Do this for both inputs and the output.
4.) Copy the inputs
Next you'll need to copy your input data to the USM memory regions you allocated for the inputs.
You can do this by calling the queue
member function memcpy
, which takes a
destination pointer, source pointer, and a size in bytes.
Each of these will return an event
, you should store this event to wait on it
later.
Do this for both inputs.
5.) Initialize the output
Next you'll need to zero the values at the USM memory region you allocated for the output.
You can do this by calling the queue
member function fill
, which takes a
pointer, a value, and the number of elements.
Again you should store the event
returned so you can wait on it later.
5a.) Construct usm_wrapper
objects (additional step required for
ComputeCpp)
If you are using ComputeCpp you must follow this additional step, otherwise you can ignore it and move on.
You must wrap each of the pointers you have allocated in a usm_wrapper
object,
you do this by simply constructing a usm_wrapper
and passing the pointer to
the constructor.
Once you have done this move onto step 5, using these usm_wrapper
objects in
place of the raw pointers.
6.) Wait on the copy
/fill
to complete
Before you enqueue the kernel itself you must wait for the memcpy
and fill
operations to complete.
You can do this by calling depends_on
for each of the event
objects returned
by memcpy
and fill
inside the command group of the kernel, passing in the
handler
object. This will create dependencies for the command group to wait on
those operations to complete before enqueueing the kernel.
Note: if using ComputeCpp this member function is spelt
experimental_depends_on
.
7.) Enqueue a kernel
Now that all the memory is allocated, copied and initialized, you can enqueue a kernel to perform the computation.
When using USM there are shortcut member functions for the queue
class that
enqueue kernel functions directly without having to create a command group,
since you don't need to create accessors.
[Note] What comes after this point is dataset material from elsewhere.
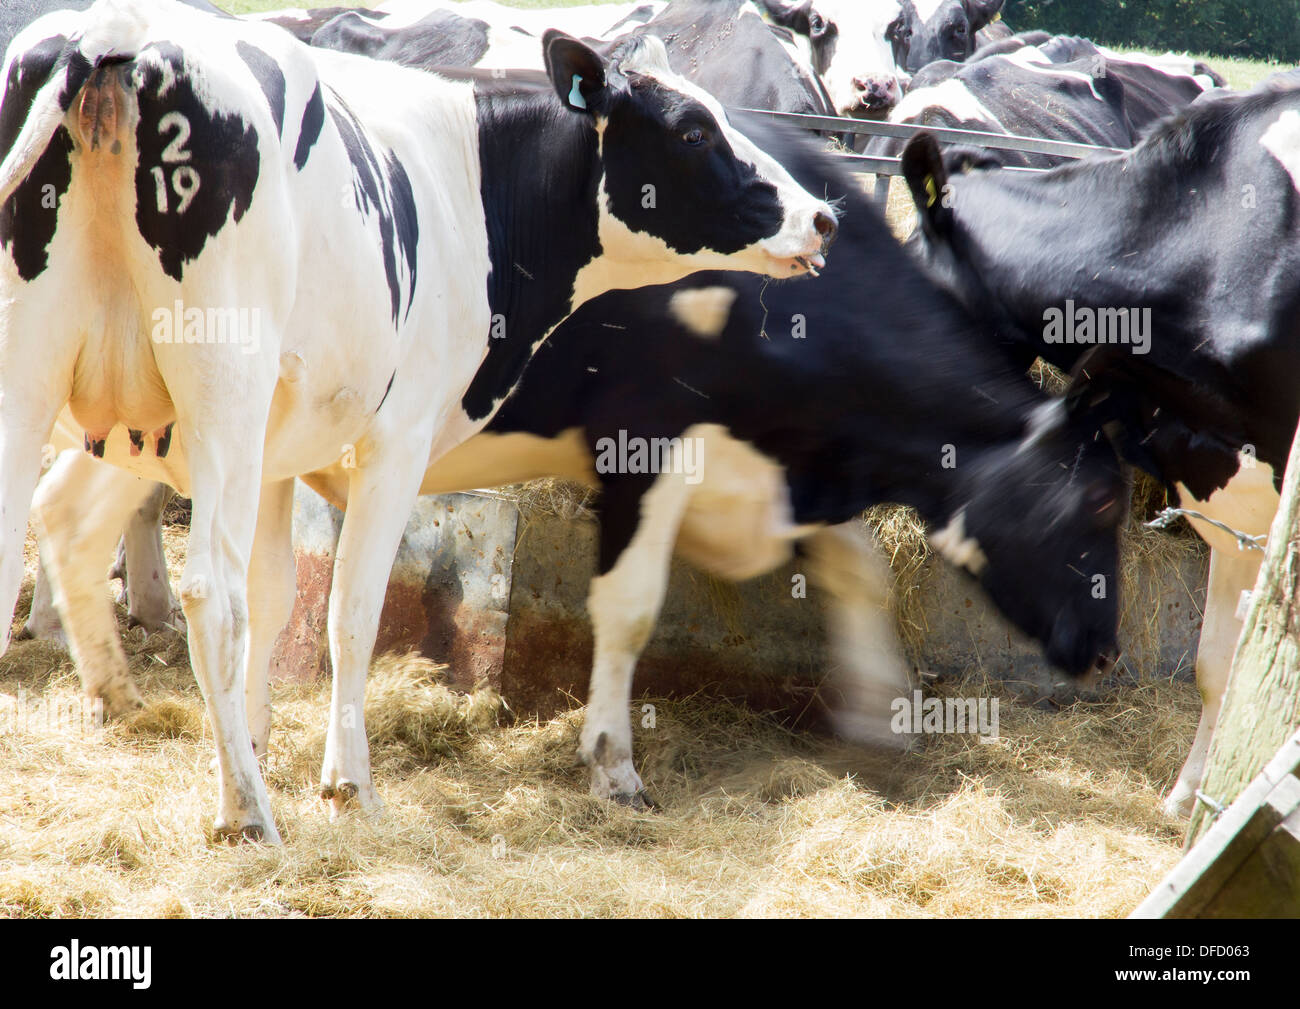 26 juillet 2013, près de Lewes, dans le Sussex, UK : fresian vaches mangeant de la paille d'un creux. L'un est encore flou, sur d'autres. Banque D'Images

To launch a kernel call the parallel_for
member function of the queue
and
capture the pointers you have allocated (the usm_wrapper
objects in the case
of ComputeCpp).
In the kernel itself write a vector add operation that takes the value at the index of each input pointers, add them together, and assign the result to the value at the index of the output pointer.
The parallel_for
function will also return an event
you can use to wait for
the kernel to complete before continuing.
8.) Copy the result back
Once the kernel has completed you can copy the result back, similarly to the
inputs you can do this by calling the queue
member function memcpy
, and
waiting on the event
that is returned.